L’ex-sénatrice Jaffer a raconté lundi au tribunal sa rencontre au Soudan en septembre 2004 avec Salah Gosh, qui était alors directeur des services de renseignements de ce pays d’Afrique.
«Il était frustré, a déclaré Mme Jaffer. Il avait l’impression que les autorités canadiennes lui avaient demandé de détenir M. Abdelrazik. Il l’avait détenu. Puis il n’y avait pas eu d’accusation. Alors il m’a dit: ‘Pourquoi vous ne le reprenez pas ?’»
Mme Jaffer, qui était à l’époque envoyée spéciale du Canada pour la paix au Soudan, a déclaré lundi que M. Gosh lui avait dit à l’époque que les services de renseignements soudanais avaient essayé «toutes sortes de moyens» pour savoir si M. Abdelrazik était un terroriste, mais qu’ils étaient tout à fait convaincus que non. Il aurait alors ajouté qu’il était temps pour le Canada d’accepter que son ressortissant rentre chez lui.
Mme Jaffer a précisé que ce n’était un secret pour personne que les services de renseignements soudanais utilisaient des méthodes brutales: elle a donc immédiatement su que M. Abdelrazik avait dû subir des conditions de détention particulièrement difficiles dans ce pays.
«Artisan de son malheur»
Les avocats du gouvernement fédéral estiment que M. Abdelrazik a été l’artisan de son propre malheur dans cette affaire.
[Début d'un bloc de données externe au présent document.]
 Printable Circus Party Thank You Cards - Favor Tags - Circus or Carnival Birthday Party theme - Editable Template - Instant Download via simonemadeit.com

Ils soutiennent que le Canada n’a pas exhorté les autorités soudanaises à le maintenir en détention ou à le maltraiter, ni à créer des circonstances pour le favoriser.
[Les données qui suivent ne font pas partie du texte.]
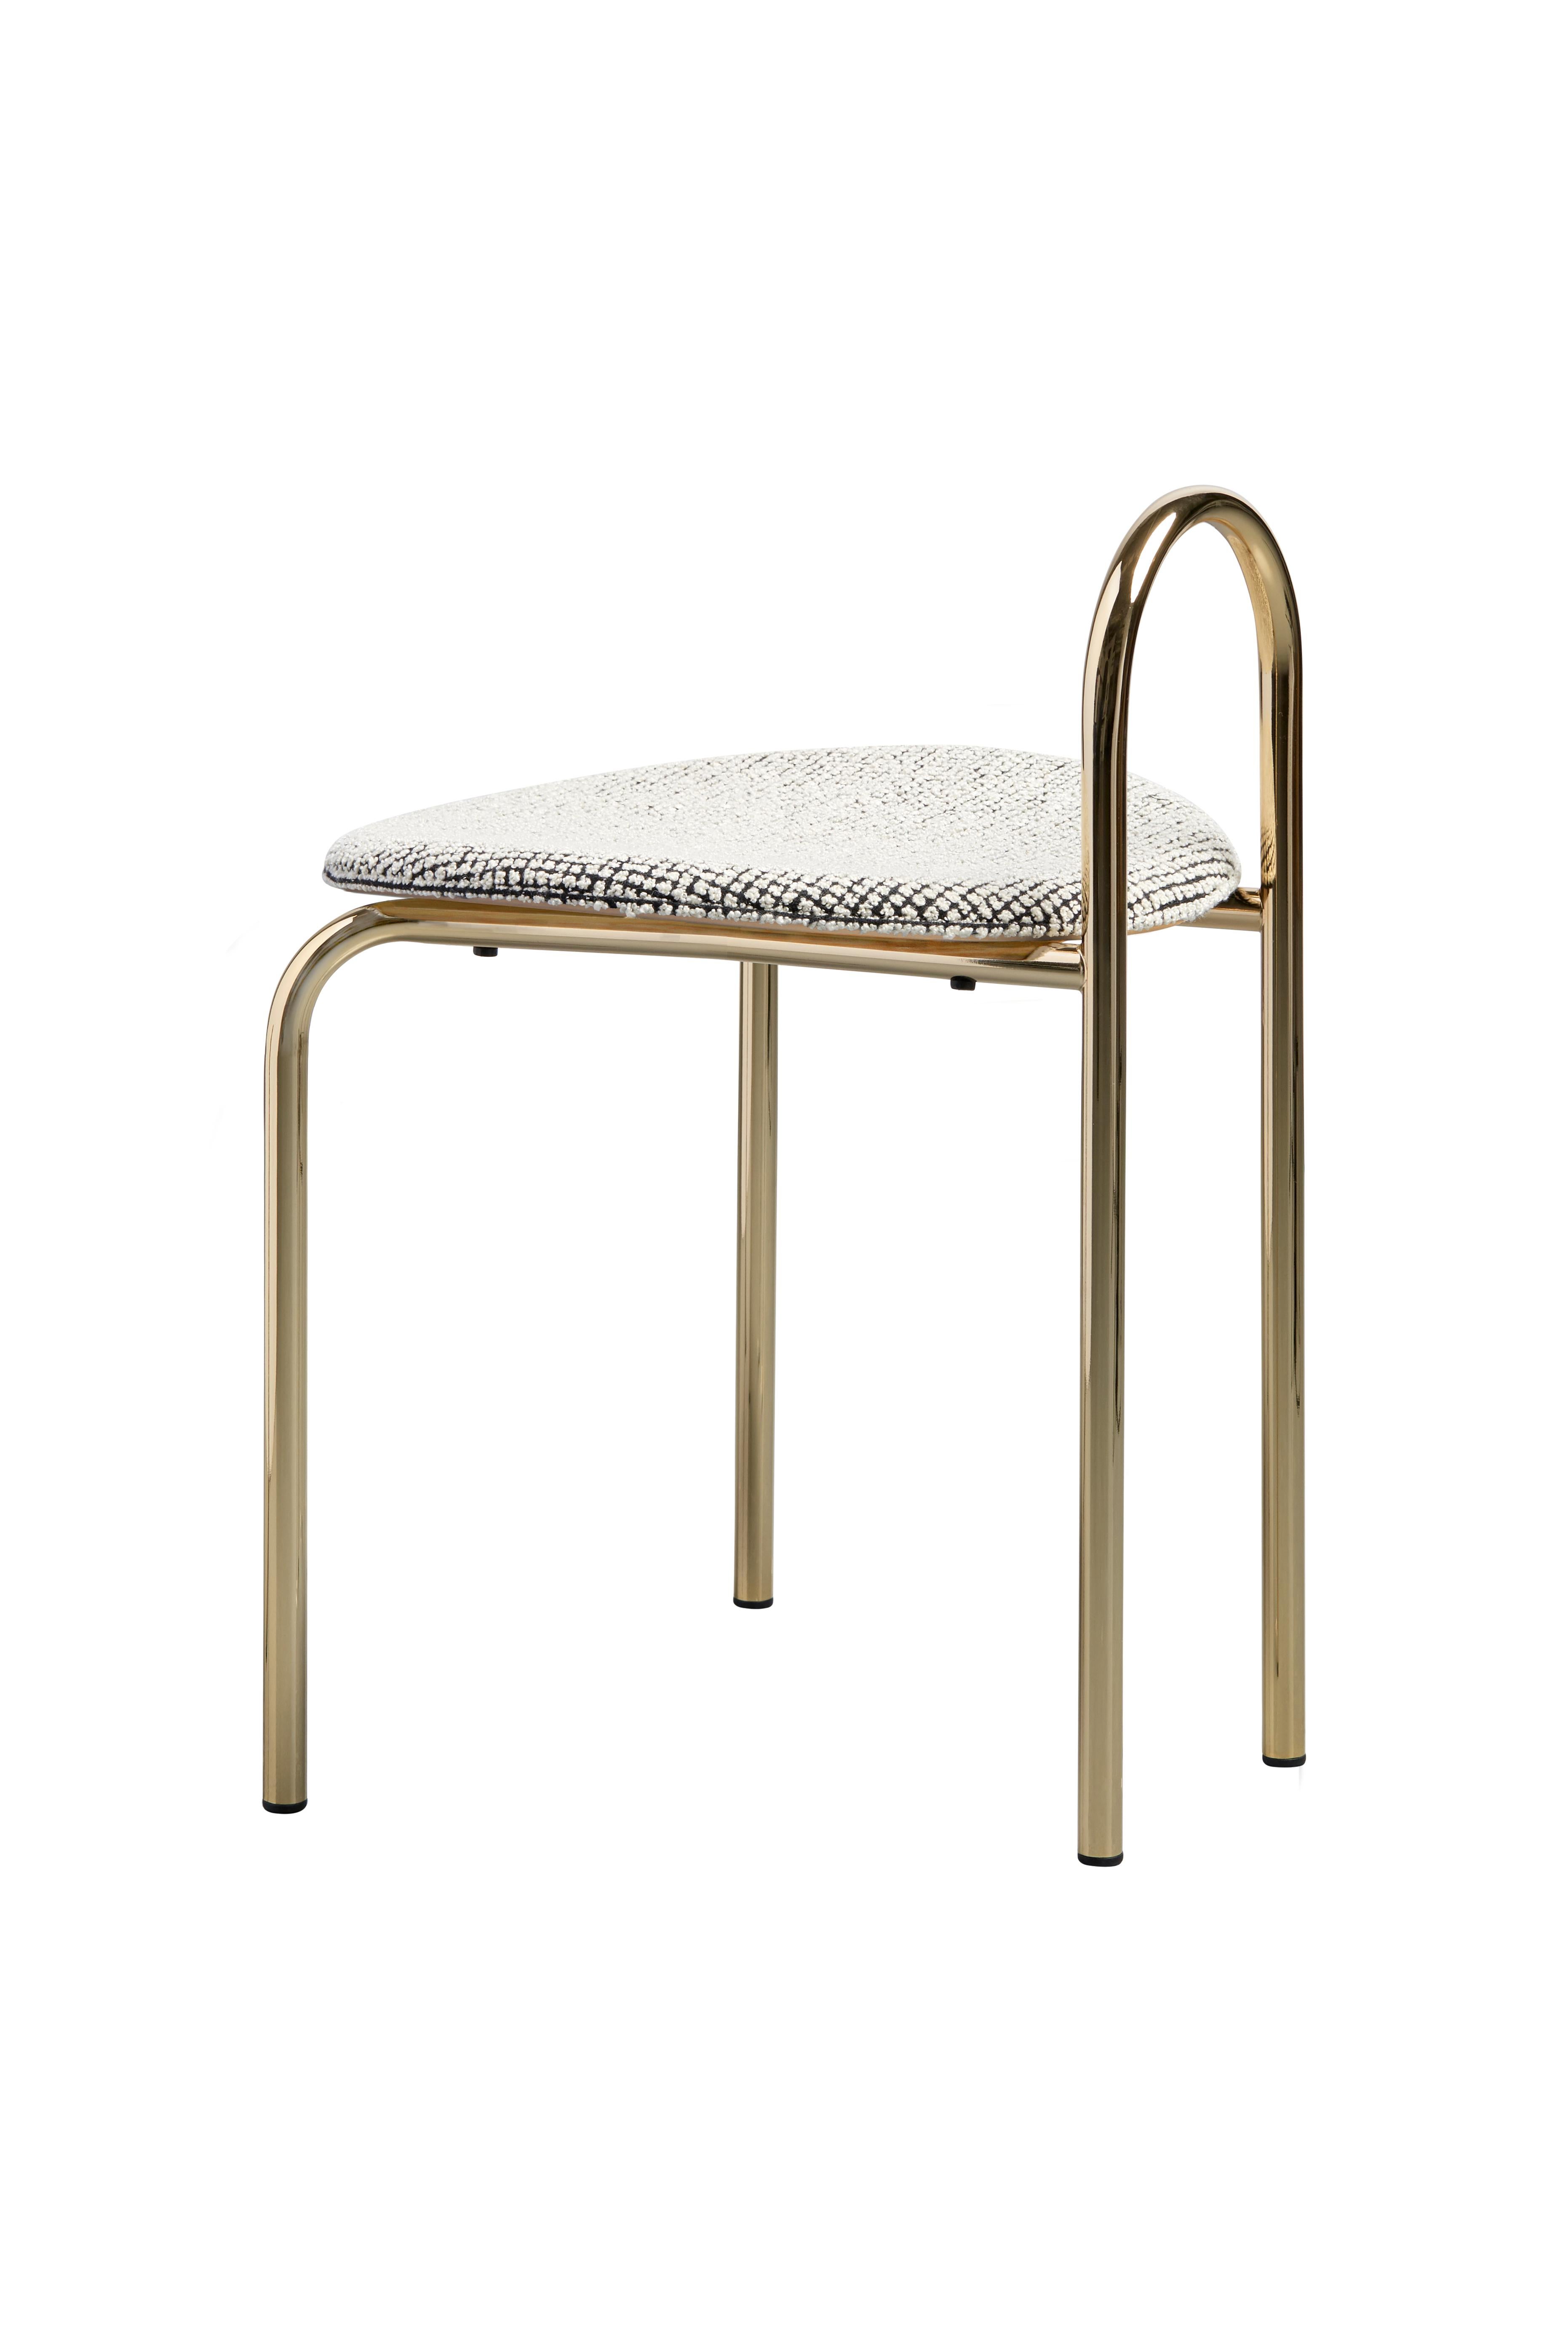 Minimalist SP01 Michelle Stool Upholstered in Gold Chrome, Made in Italy For Sale

Mme Jaffer a consulté le responsable Gosh à plusieurs reprises lors de ses visites au Soudan pour s’assurer qu’elle puisse voyager sans incident pendant son enquête sur la situation des droits de la personne dans ce pays.
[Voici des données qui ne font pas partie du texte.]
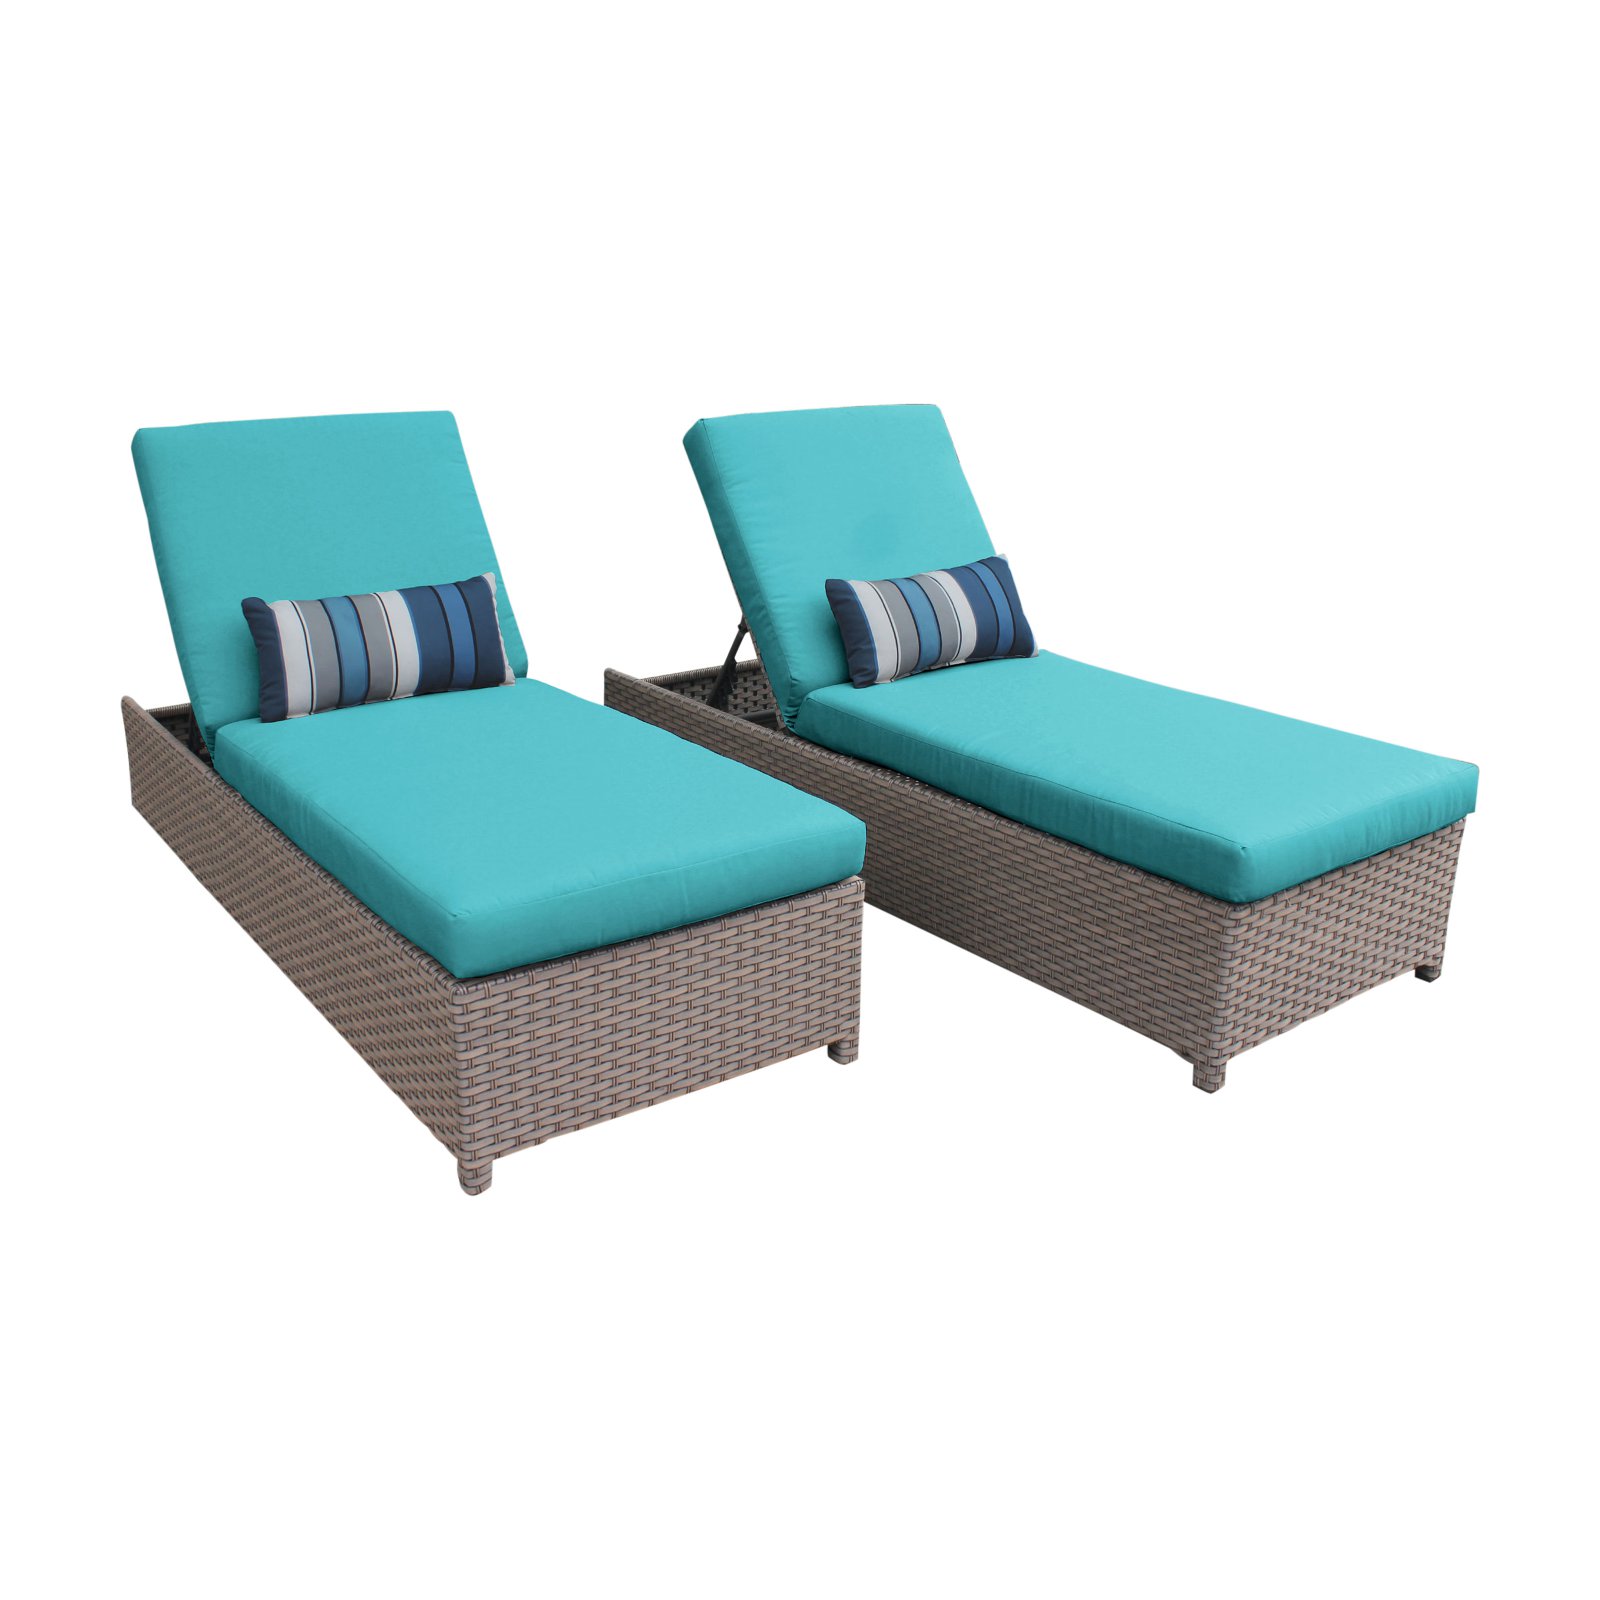 TK Classics Monterey Wheeled Wicker Outdoor Chaise Lounge Chair - Set of 2 - image 2 of 11

Elle a déclaré au tribunal qu’elle essayait «d’être très prudente», car son rôle était «celui d’envoyée, pas de traiter de questions bilatérales», comme le cas de M. Abdelrazik.
«Maintenant, en rétrospective, je regrette vraiment de ne pas en avoir fait plus pour cet homme, car il a beaucoup souffert», a-t-elle admis lundi.
Mme Jaffer a rencontré M. Abdelrazik au Soudan en mars 2005. Elle se souvient qu’il lui a dit alors qu’il avait été traité «extrêmement mal» et que ses geôliers «l’avaient frappé avec des tuyaux et lui avaient fait toutes sortes de choses».
M. Abdelrazik était assis à quelques mètres de Mme Jaffer, lundi, tandis qu’elle Jaffer racontait à quel point il avait l’air maigre et effrayé au Soudan.
«Son regard me hante depuis, parce qu’on y lisait la terreur, et il me suppliait littéralement de le sortir de là — et je n’en ai pas fait assez.»
Selon un exposé conjoint des faits dans cette poursuite, M. Abdelrazik a été en communication fréquente avec l’ambassade du Canada à Khartoum après juillet 2004. Il a demandé à plusieurs reprises de l’aide consulaire pour rentrer au Canada.
En octobre 2004, Khartoum a proposé de ramener M. Abdelrazik au Canada à bord d’un avion soudanais. Ottawa a répondu qu’il ne s’opposait pas à un tel vol, mais qu’il ne paierait pas le voyage, selon l’exposé des faits. Ottawa a déclaré que le Soudan devrait fournir l’itinéraire du vol et une liste des passagers avant que le Canada ne délivre un document de voyage d’urgence à M. Abdelrazik. Mais le Soudan n’a pas fourni ces informations et n’en a plus parlé.
Quatre ans et demi plus tard, en mars 2009, M. Abdelrazik a obtenu pour le mois suivant un billet d’avion pour le Canada, mais Ottawa a refusé de lui délivrer un passeport d’urgence.
M. Abdelrazik est finalement rentré au Canada en juin 2009, après qu’un juge a conclu qu’Ottawa avait violé ses droits constitutionnels en refusant de lui délivrer le passeport d’urgence.